Literal search using the Jamendo SPARQL end-point

I just wrote a small SWI-Prolog module for literal search using the ClioPatria SPARQL end-point. It uses the rdf_litidex module, and performs a metaphone search on existing literals in the database. All of that is triggered through a built-in RDF predicate.

Here is an example query you can perform on the Jamendo SPARQL end-point (make sure you select lit as the entailment - it will be the default one soon):

SELECT ?o
WHERE
{"punk jazz" <http://purl.org/ontology/swi#soundslike> ?o}

This query binds ?o to all resources within the end-point that are associated with matching literals. For example, you would get back:

The module is available there.

Thursday 6 March 2008

Interlinking music datasets on the Web

The paper we wrote with Christopher Sutton and Mark Sandler has been accepted to the Linking Data on the Web workshop at WWW, and it is now available from the workshop website.

This paper explains in a bit more details (including pseudocode and the evaluation of two implementations of it) the algorithm I already described briefly in previous posts (oh yeah, this one too).
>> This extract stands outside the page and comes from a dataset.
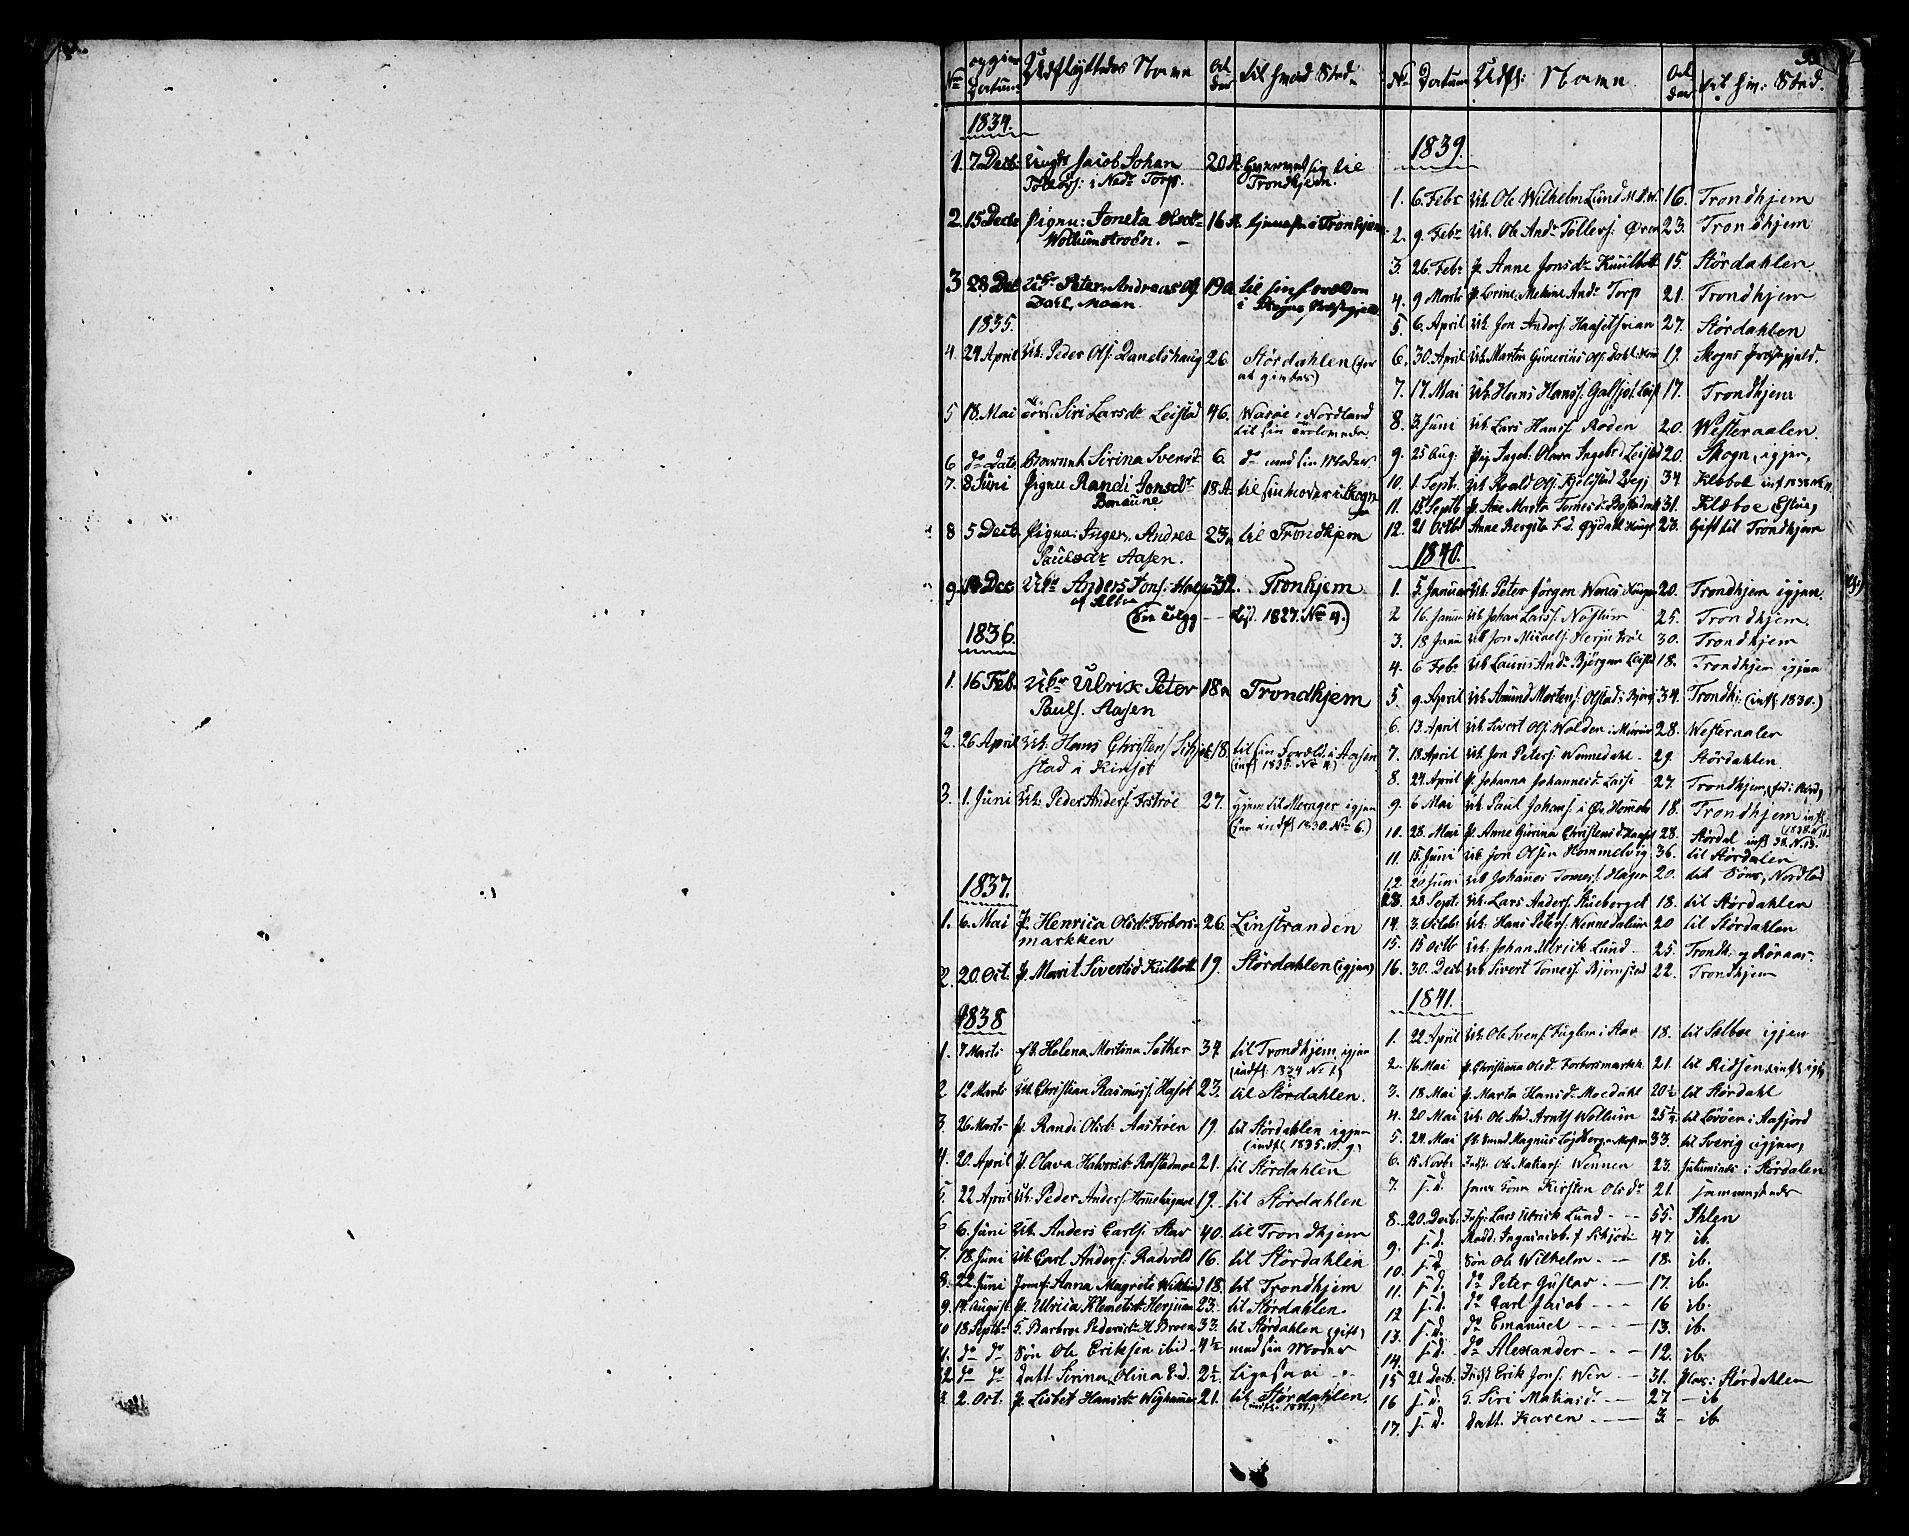 SAT, Ministerialprotokoller, klokkerbøker og fødselsregistre - Sør-Trøndelag, 616/L0421: Klokkerbok nr. 616C04, 1834-1850, s. 53

The problem is: how can you automatically derive owl:sameAs links between two different, previously unconnected, web datasets? For example, how can I state that Both in Jamendo is the same as Both in Musicbrainz?

The paper studies three different approaches. The first one is just a simple literal lookup (so in the previous example, it just fails, because there are two artists and a gazillion of tracks/records holding Both in their titles, in Musicbrainz). The second one is a constrained literal lookup (we specifically look for an artist, a record, a track, etc.). Our previous example also fails, because there are two matching artists in Musicbrainz for Both.

The algorithm we describe in the paper can intuitively be described as: if two artists made albums with the same title, they have better chances to be similar. It will browse linked data in order to aggregate further clues and be confident enough to disambiguate among several matching resources.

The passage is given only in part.